▶ **RECORDED DATA**
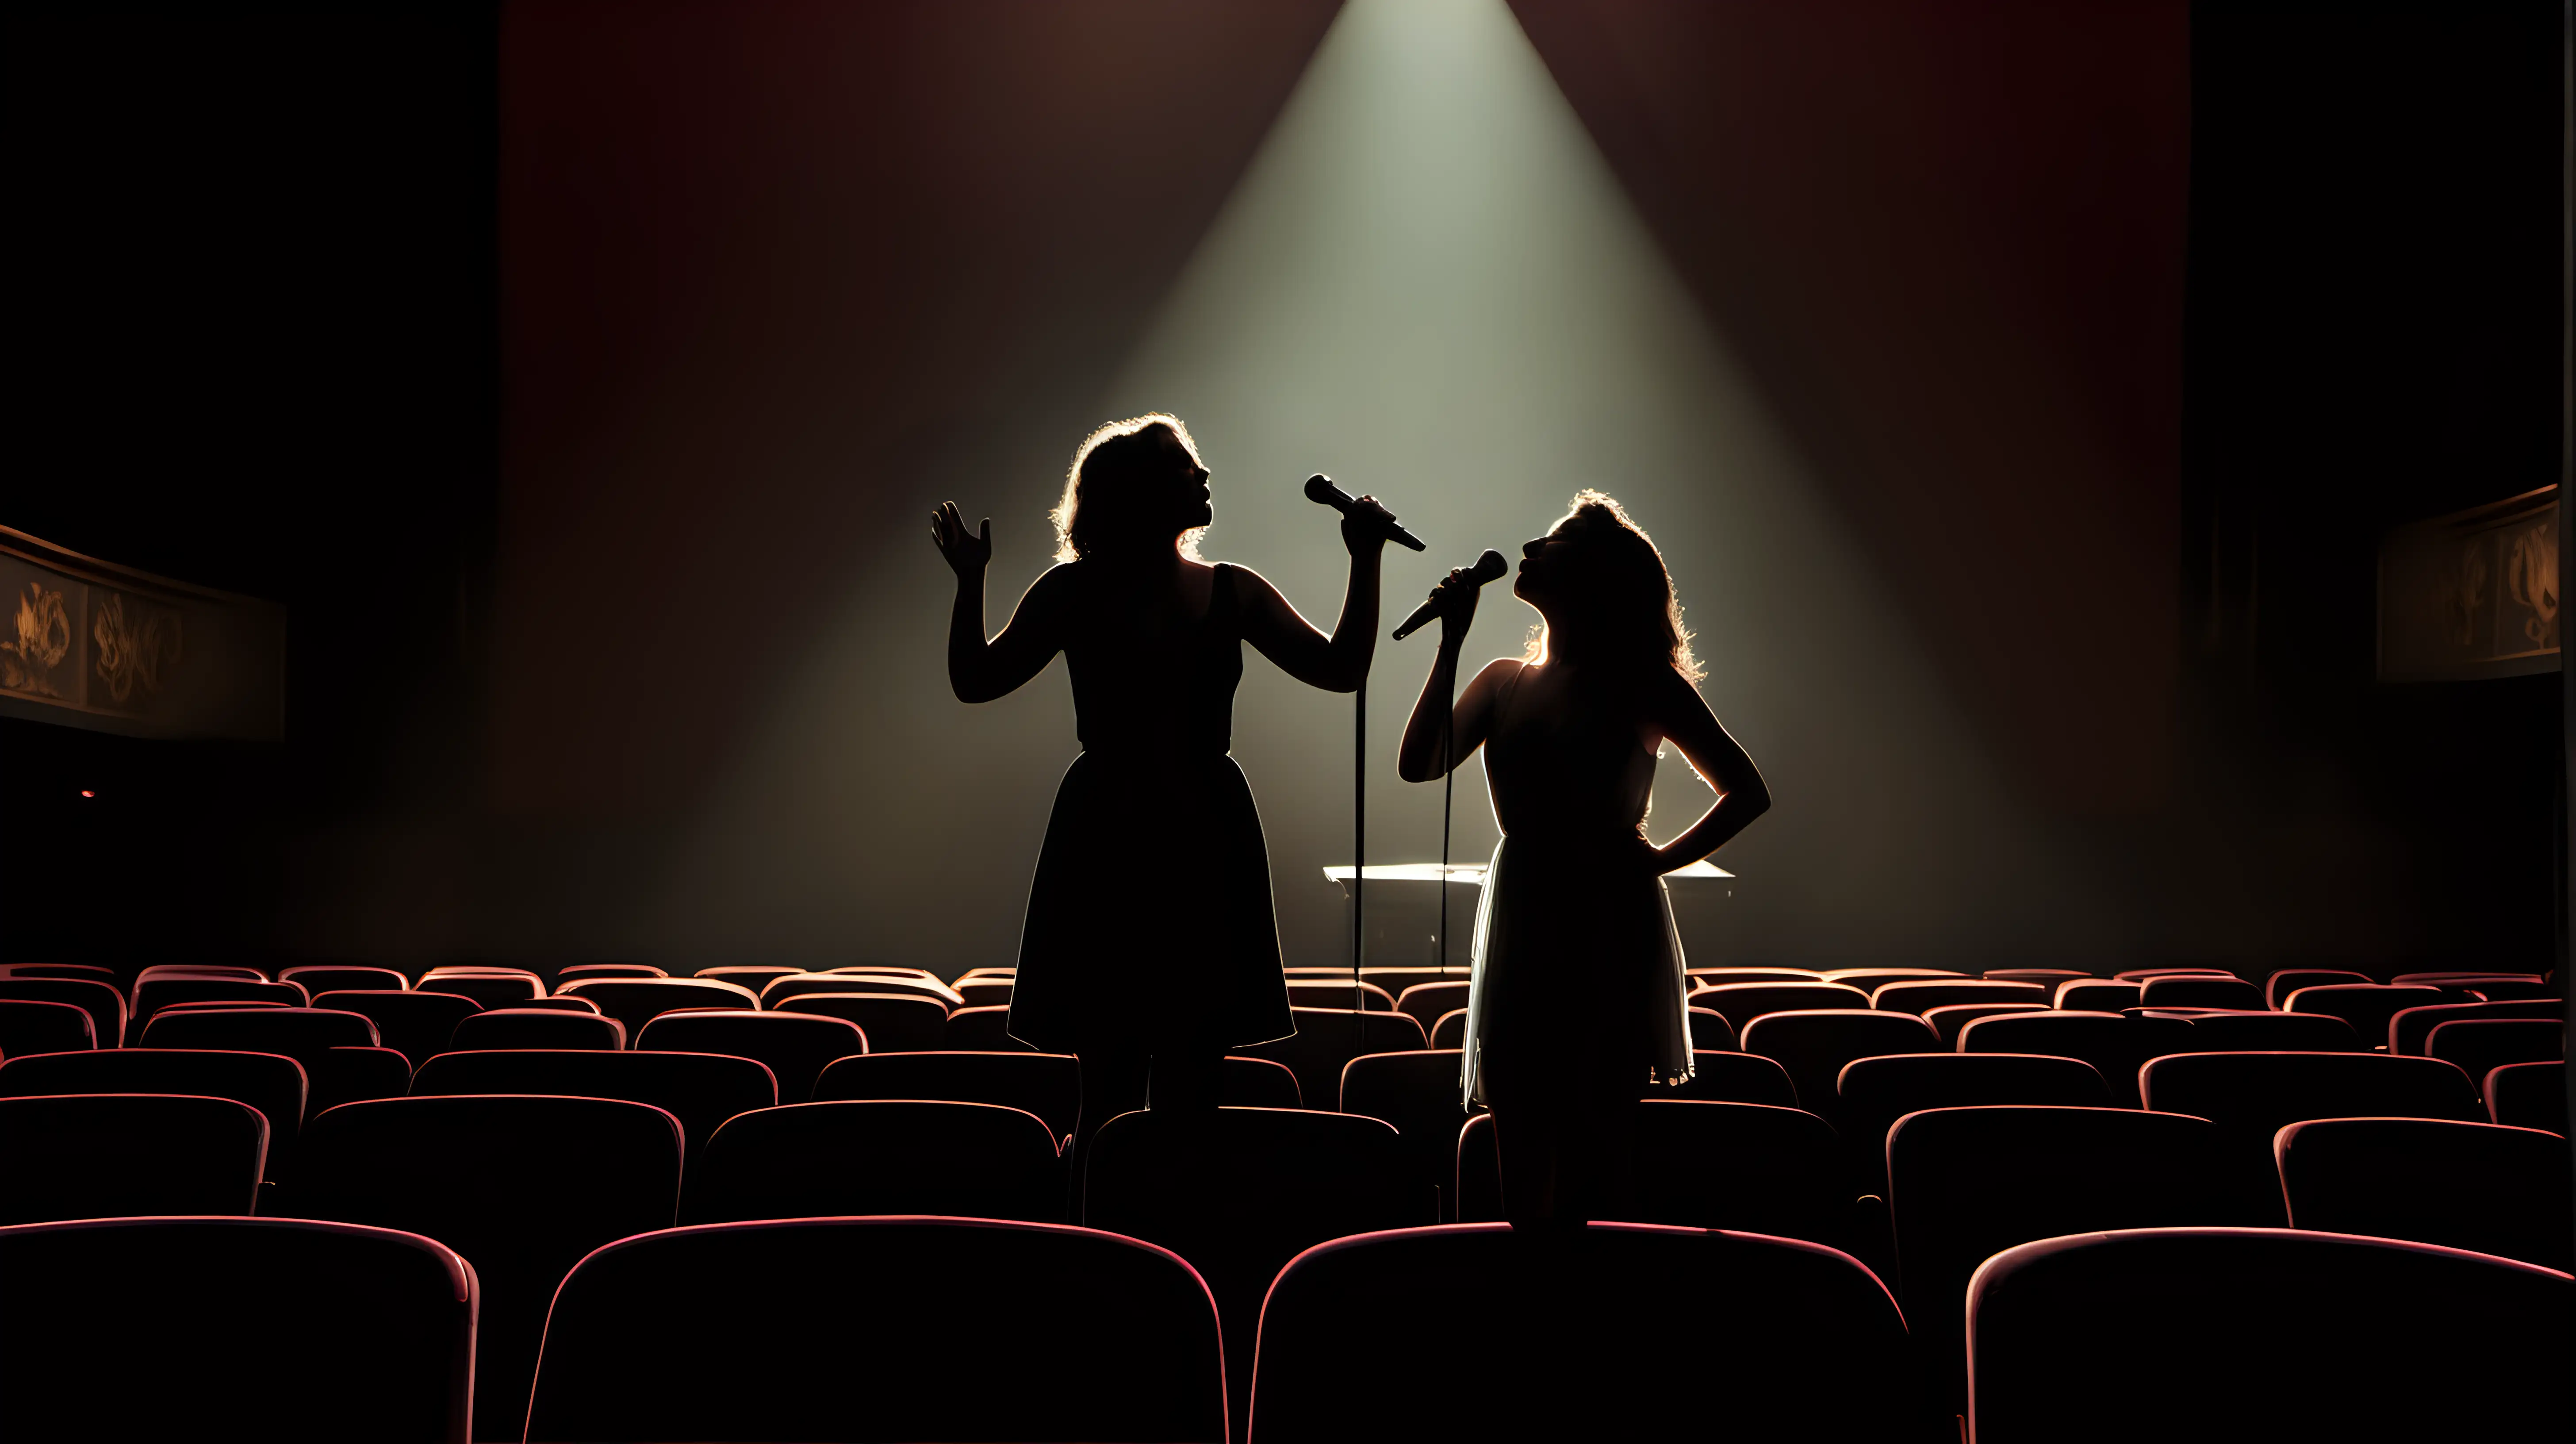 A singer stands center stage, bathed in soft light, their silhouette against the backdrop of empty theater seats, as they passionately belt out a heartfelt melody.
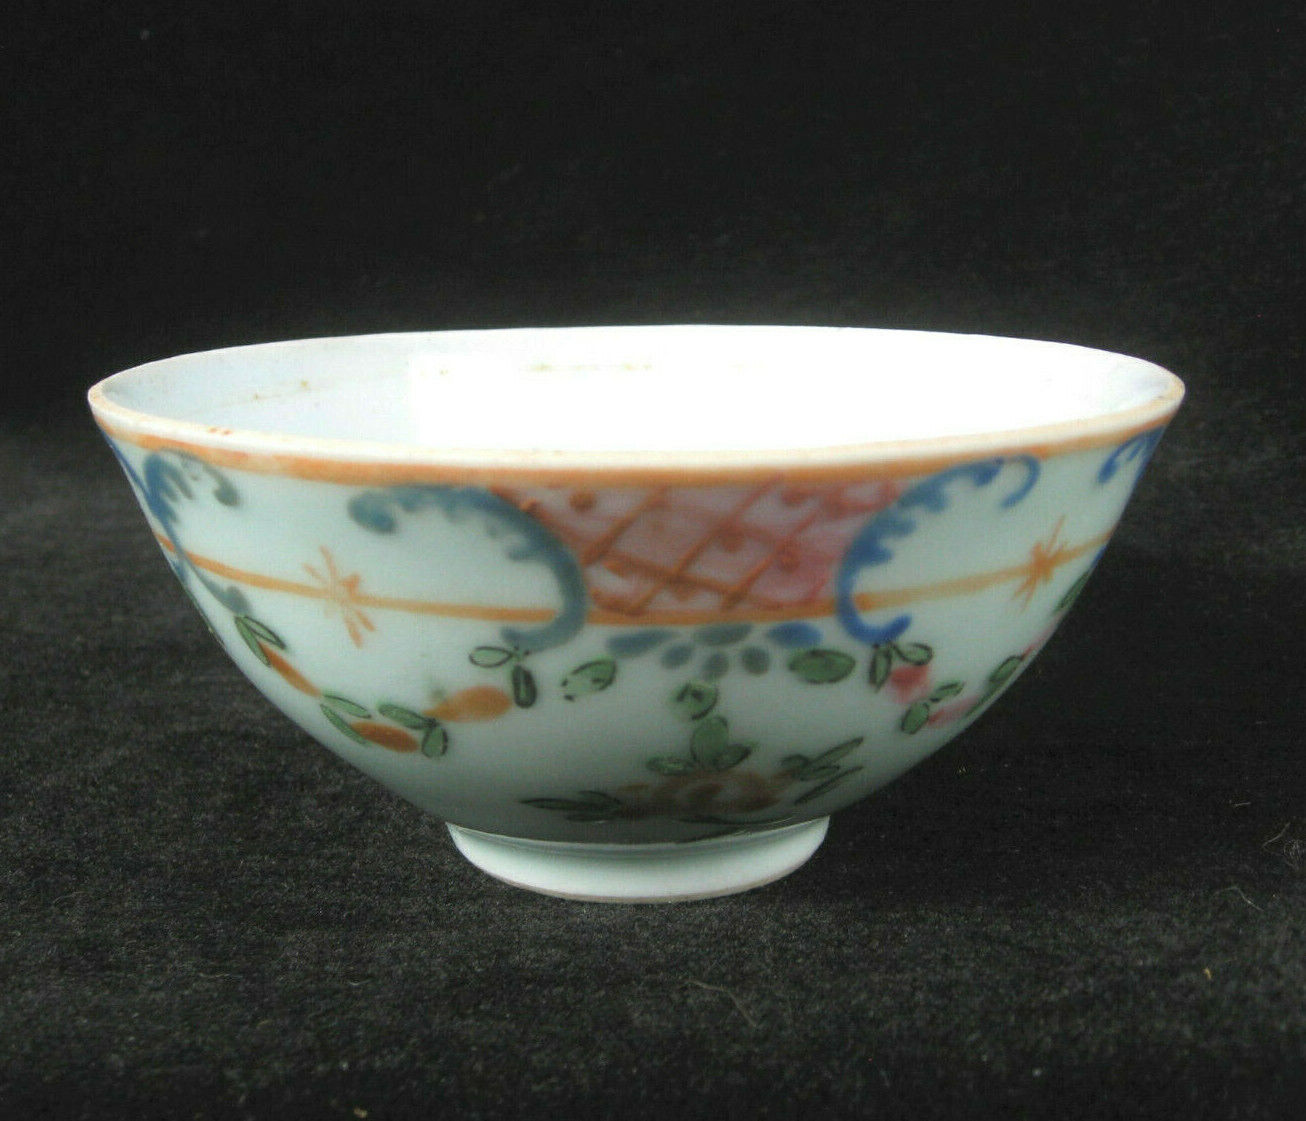 Late 19thc. Chinese Celadon Hand-Painted Small Bowl - 1860-1880
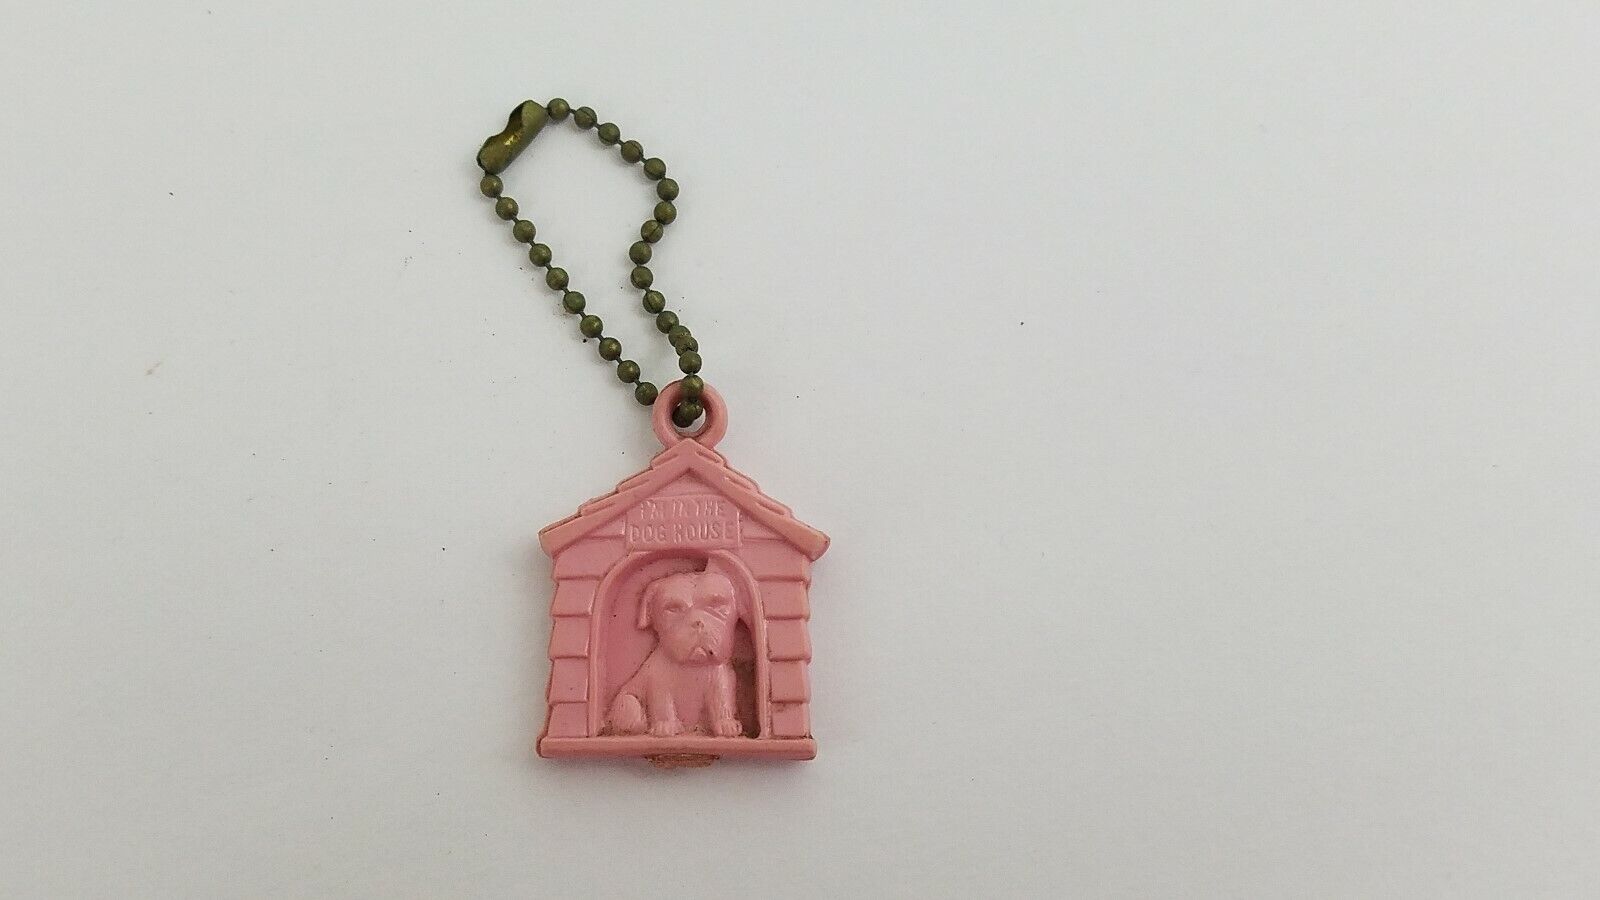 I'm In The Dog House Keychain Fob Figural Pink Plastic Vintage Marital Bliss
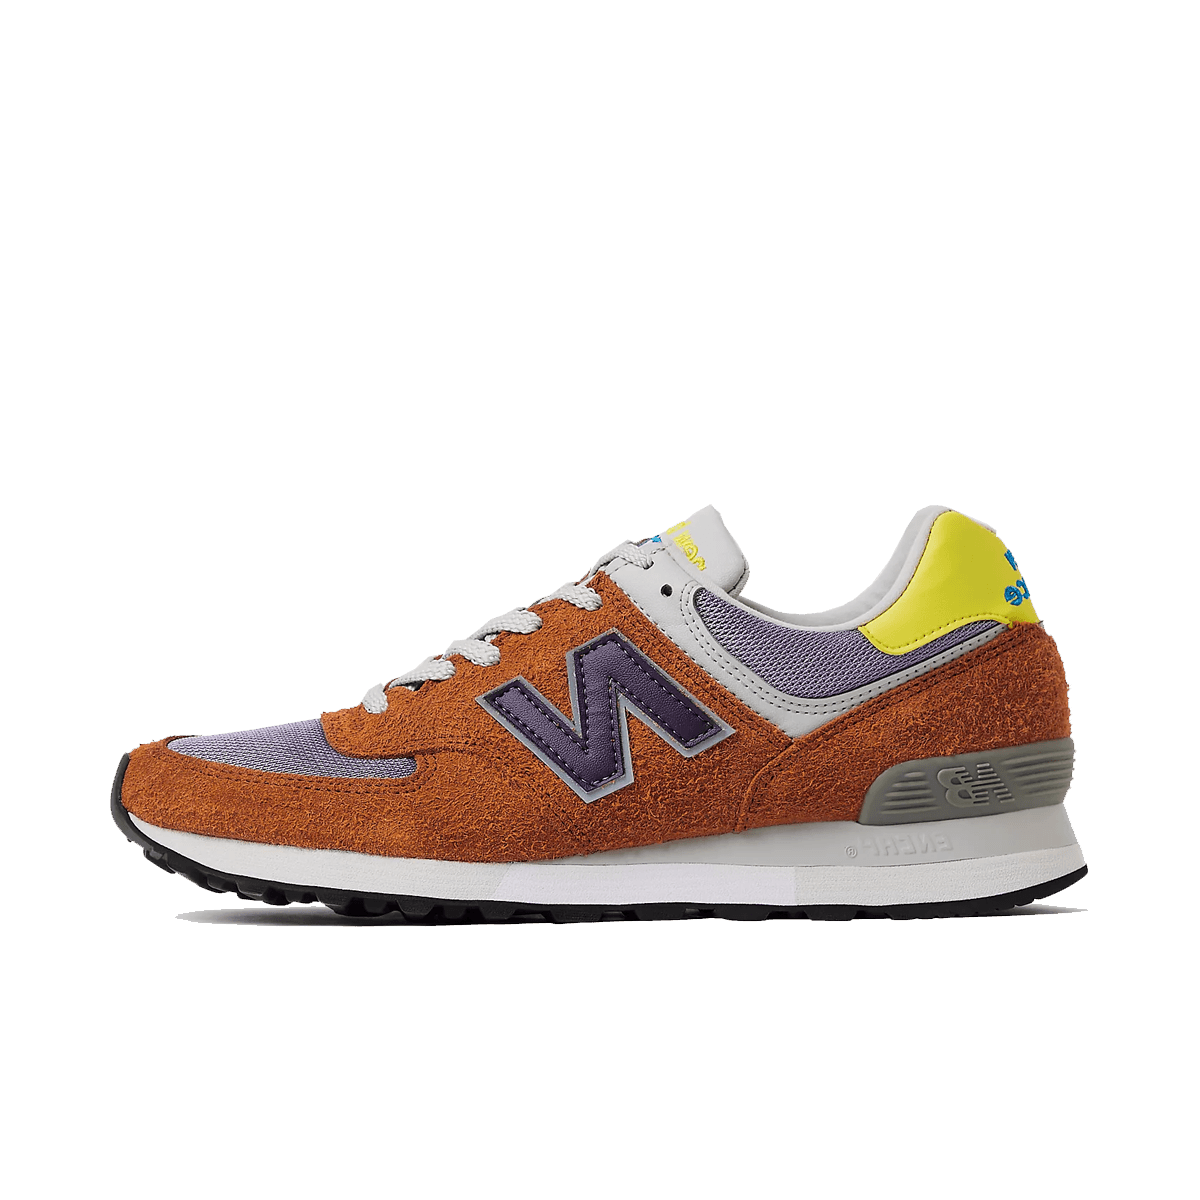 New Balance 576 'Apricot' - Made in UK

▶ **HOW TO COMPLETE THIS TASK**
Omit every picture, then reproduce the rest of the listing exactly.

▶ **TASK SOLUTION**
 A singer stands center stage, bathed in soft light, their silhouette against the backdrop of empty theater seats, as they passionately belt out a heartfelt melody.
 Late 19thc. Chinese Celadon Hand-Painted Small Bowl - 1860-1880
 I'm In The Dog House Keychain Fob Figural Pink Plastic Vintage Marital Bliss
 New Balance 576 'Apricot' - Made in UK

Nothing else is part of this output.